No, says Sarnecki. They’re the result of gang violence carried out by children of an earlier wave of immigrants, born and raised in Sweden, and “what happens is not related to the ethnic background but to the class position.” The gang violence, he explained, involves people who (after migrating) have ended up in the lowest socioeconomic position in Sweden.

But the far right’s framing of events is one that many other parties are adopting. “Social Democratic ministers—for instance, the minister of immigration here, unfortunately my former student—would say that we have to reduce the overrepresentation of immigrants from outside the Europe in some areas of our cities because there are too many.”
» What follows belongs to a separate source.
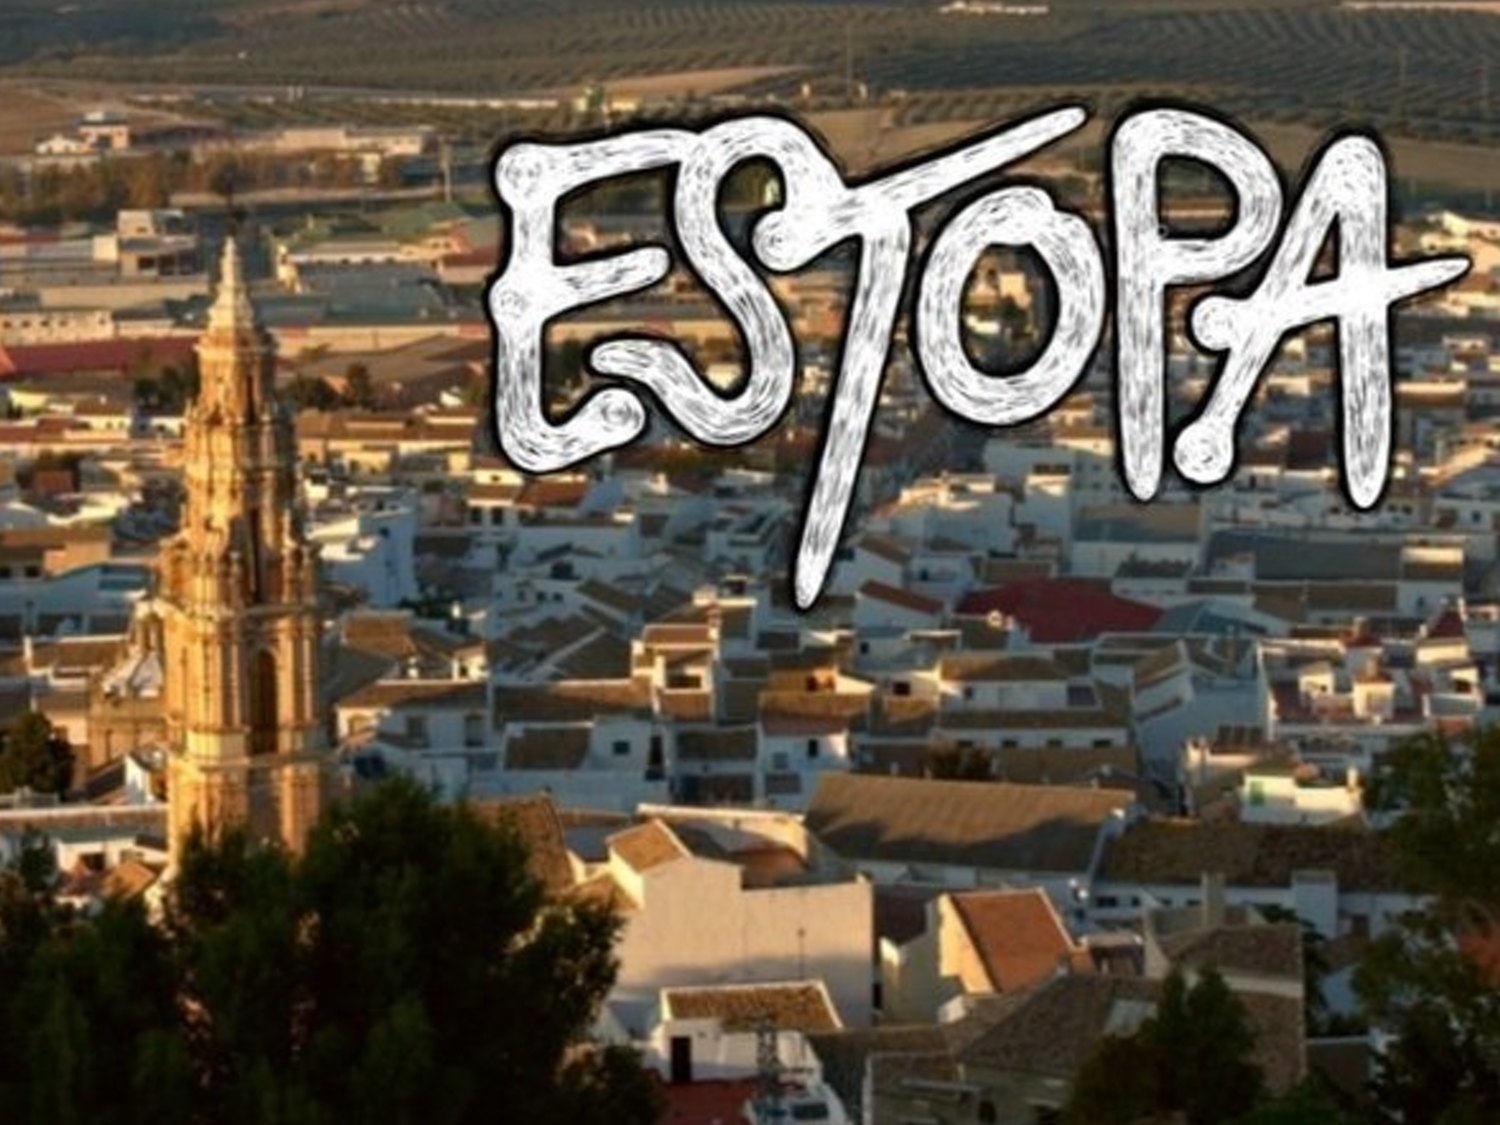 De Estepa a Estopa: la propuesta de cambio de nombre para atraer turistas al pueblo

What the party policies and posters show as Sweden’s election draws closer is what happens when parties adopt the language and policies of the far right. We’ve already seen what happens in other countries when “the center right says: we have to talk to the far right.… they will be more easy to handle and they will be more like any other party,” Tamas points out. [Instead] “we see the total opposite. The more they’re embracing them…the more radicalized the [far right] party gets.”

Sweden is a country that historically has prioritized egalitarianism and inclusion. “What we have had,” says Hagstrom, “is a powerful welfare sector that wants to even out people’s opportunities in life.” The majority of people in Sweden, she notes, were proud that their country offered refuge to the asylum seekers who arrived in 2015 (Sweden took in the most per capita of any European nation).
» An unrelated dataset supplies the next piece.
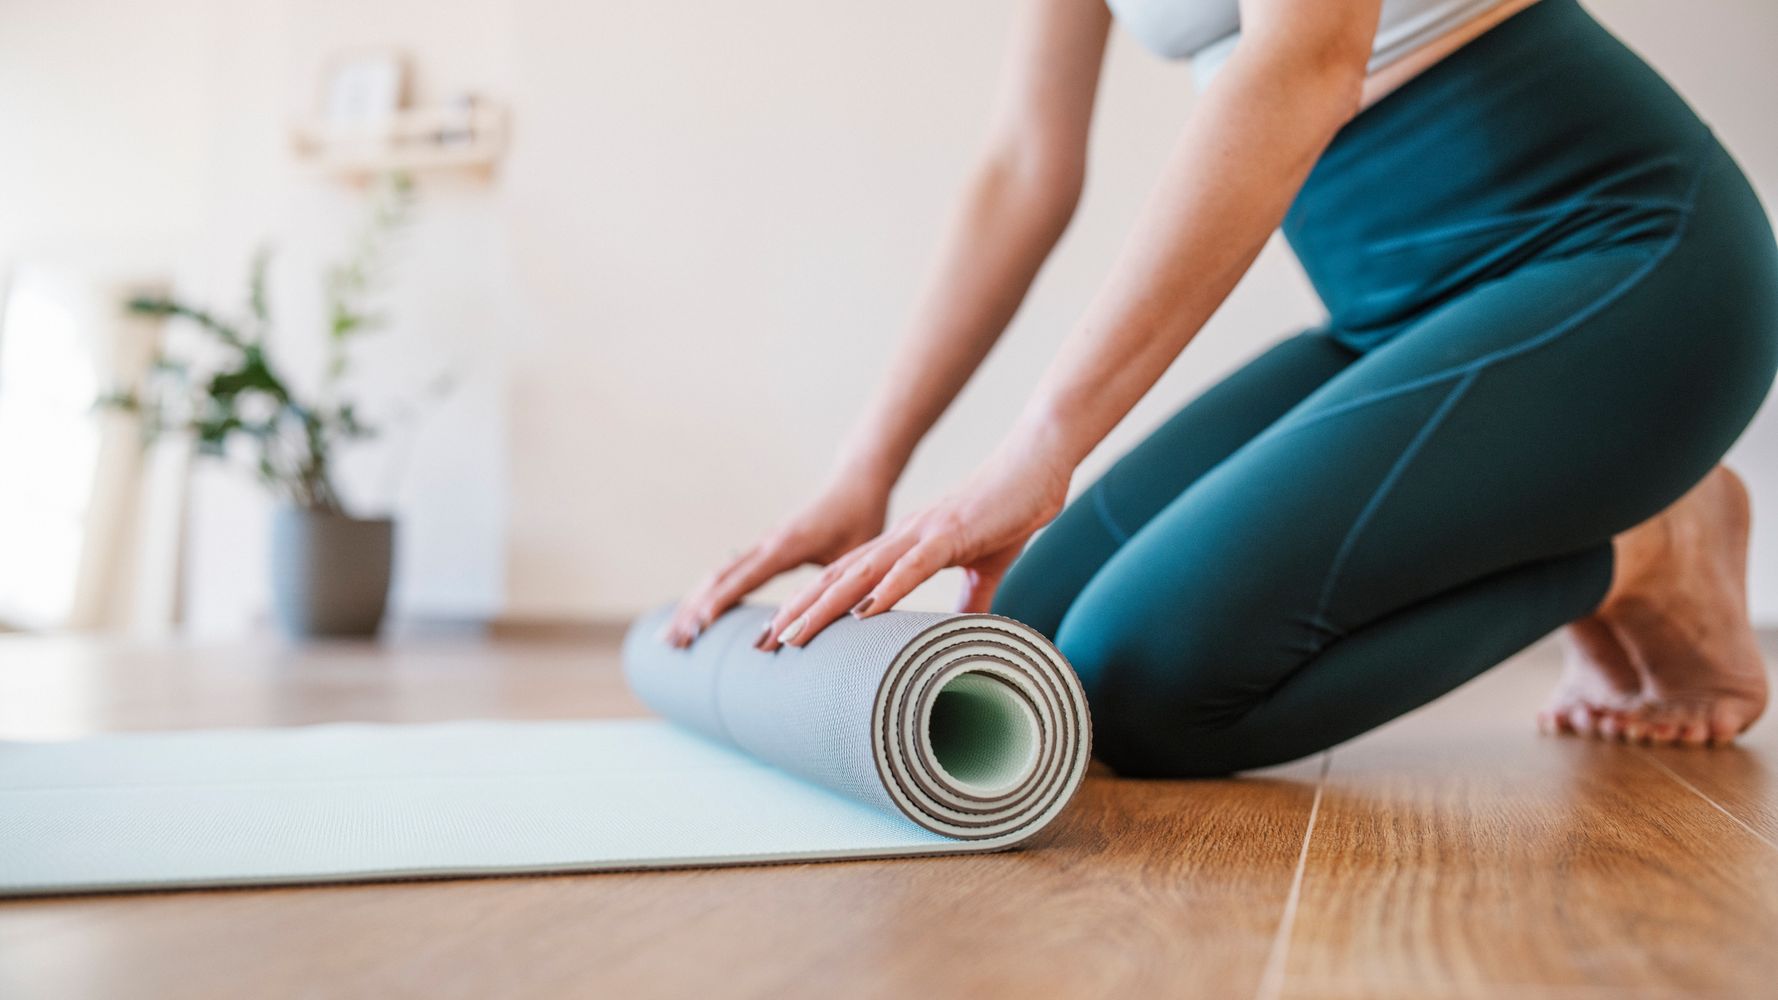 lululemon Yoga Mat Double-Sided Anti-Slip Men Girls Special Fitness Natural  Rubber Household

If the Sweden Democrats’ policies upend Swedish civil society, it will not be because Sweden is troubled by migration, or crime, or “segregation.” It will be because Sweden’s other political parties gave the Sweden Democrats space to grow, because they adopted its perspectives and policies out of political opportunism and expediency.

“If you look at Sweden today and Germany, Sweden Democrats today are still around…20 percent in the opinion polls.” But in Germany, Tamas points out, the far-right AfD has been locked out by all mainstream parties. “I’m not sure that the Sweden Democrats would have scored as high as [they’re scoring now if] a formal policy of noncooperation had been kept in Sweden as well.”

Sweden’s other political parties—especially its center-right—still have the power to freeze out the far right in Sweden. The question, this election, is whether they’ll choose to do so.